For Leila Fawaz, receiving France's highest academic award came out of the blue. Arguably, though, the prize is a milestone on a path of learning that began when she was a child in Beirut.
"As a Lebanese, what I studied in Lebanon always stays with me," Fawaz said after receiving the award from the office of the French Consul-General in Boston earlier this summer.
She said she was completely taken aback when she returned from a vacation in June to find an envelope naming her Chevalier in the National Order of the Legion of Honor for her "exemplary personal commitment to French-American relations."
"I was flabbergasted," she recalls.
Speaking about the honor over the phone from her Boston-area home – where she teaches Lebanese and Eastern Mediterranean Studies at the Fletcher School of Tufts University – Fawaz reflects upon how growing up during Lebanon's Civil War led her to this prize.
As a scholar, in fact, Fawaz is better known for her connections with the United States than France.
She has spent most of her academic life in the U.S., arriving at Tufts in 1980, serving as the dean of the College of Liberal Arts and Jackson College from 1996 to 2001. Last year, she was elected to the Harvard Board of Overseers. She has also served as president of the Middle East Studies Association of North America.
Her better-known publications, too – from her 1983 study "Merchants and Migrants in Nineteenth-Century Beirut," to her 1994 monograph "An Occasion for War: Ethnic Conflict in Lebanon and Damascus in 1860" – have been published in English.
Yet Fawaz is no stranger to France. She was a visiting professor at Universite de Provence and Paris' l'Ecole des Hautes Etudes en Science Politiques et Sociales.
Despite the political mistakes France made during their colonial exploits in the Arab world, Fawaz says she admires the country's academic research on the MENA region, noting that French scholars are thorough in their study of Arabic and are dedicated area specialists.
Born Leila Tarazi, Fawaz grew up in a Greek Orthodox family in the Beirut neighborhood of Sanayah back in the 1960s and 1970s, when the now mostly Sunni enclave was much more mixed. She laments that the Aridi building, where she grew up, has become run down in recent years.

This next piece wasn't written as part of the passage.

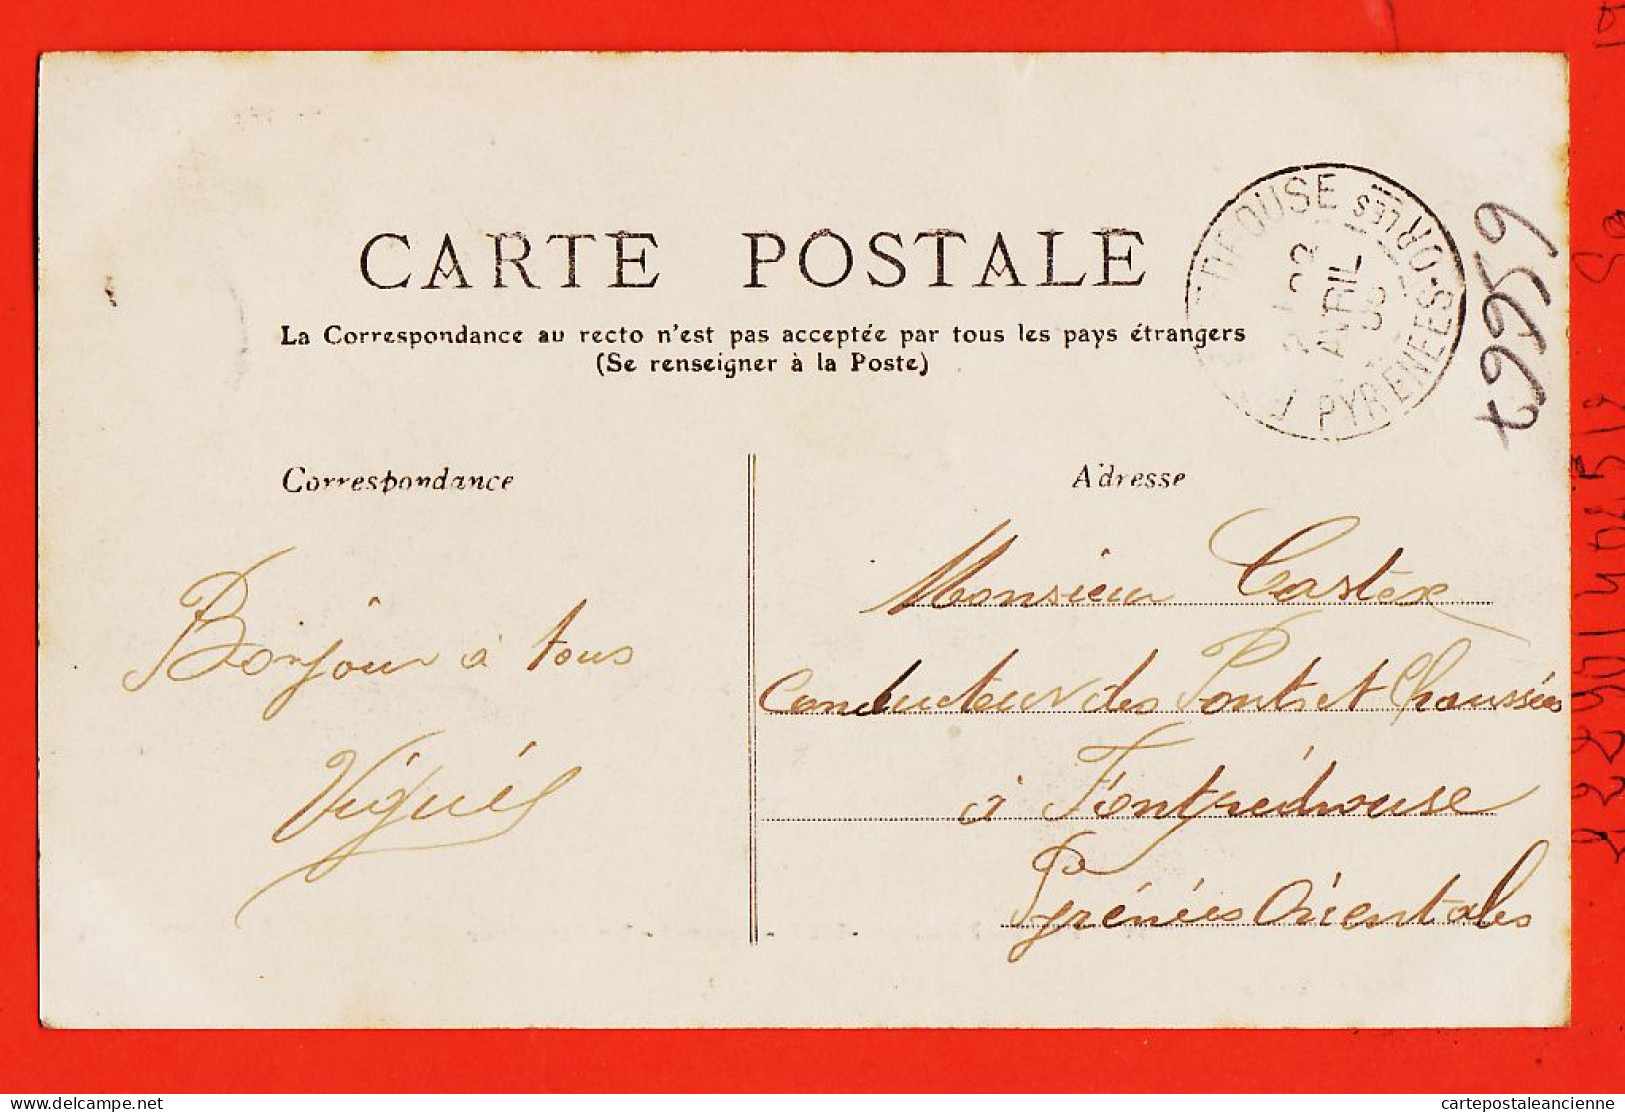 32934 / ⭐ ROCHEFORT-sur-MER 17-Charente M. (•◡•) Arsenal Torpilleur 1906 à CASTEX Fontpedrouse ◉ Galeries Parisiennes 22 - Rochefort

She recalls how, during the Civil War, people would always dress elegantly even when living in fear. This stylishness didn't reflect local superficiality, Fawaz insists, but a spirit of resilience – a way of retaining one's dignity – that persisted throughout the war.
"Ordinary people showed a lot of courage," she says. "When I get an award like this I think of the Lebanese people and how valuable they are, and how education is so important to this small country ... I'm just one representative of a huge number of people."
One of the most vivid memories of hope and resilience Fawaz recalls from growing up during the war was meeting an illiterate Beirut florist.
"He didn't know how to read or write," she recalls, "but he was so proud his son was going to school."
Though individuals "can't control the larger picture," Fawaz does believe people can thrive if they just follow their passions.
"Whenever I'm in Lebanon, I'm so impressed because the people [I meet] are so passionate about their studies ... That's the only way for society to improve – because the young people are the future. That's what made Lebanon so special from the beginning."
She lauds Lebanon's education system for teaching students three languages – Arabic, French and English – which she says exposes students to the rest of the world.
She remembers that, because of the country's frequent power outages, she and many students she knew spent their evenings reading by candle light, determined to get an education no matter what the obstacles.
It was this determination to read that gave her the drive to complete her two-year master's degree at the American University of Beirut in one year. It was at AUB that she met her future husband Karim, and where she embarked upon her academic career. "I never meant to have a career. I just kept reading."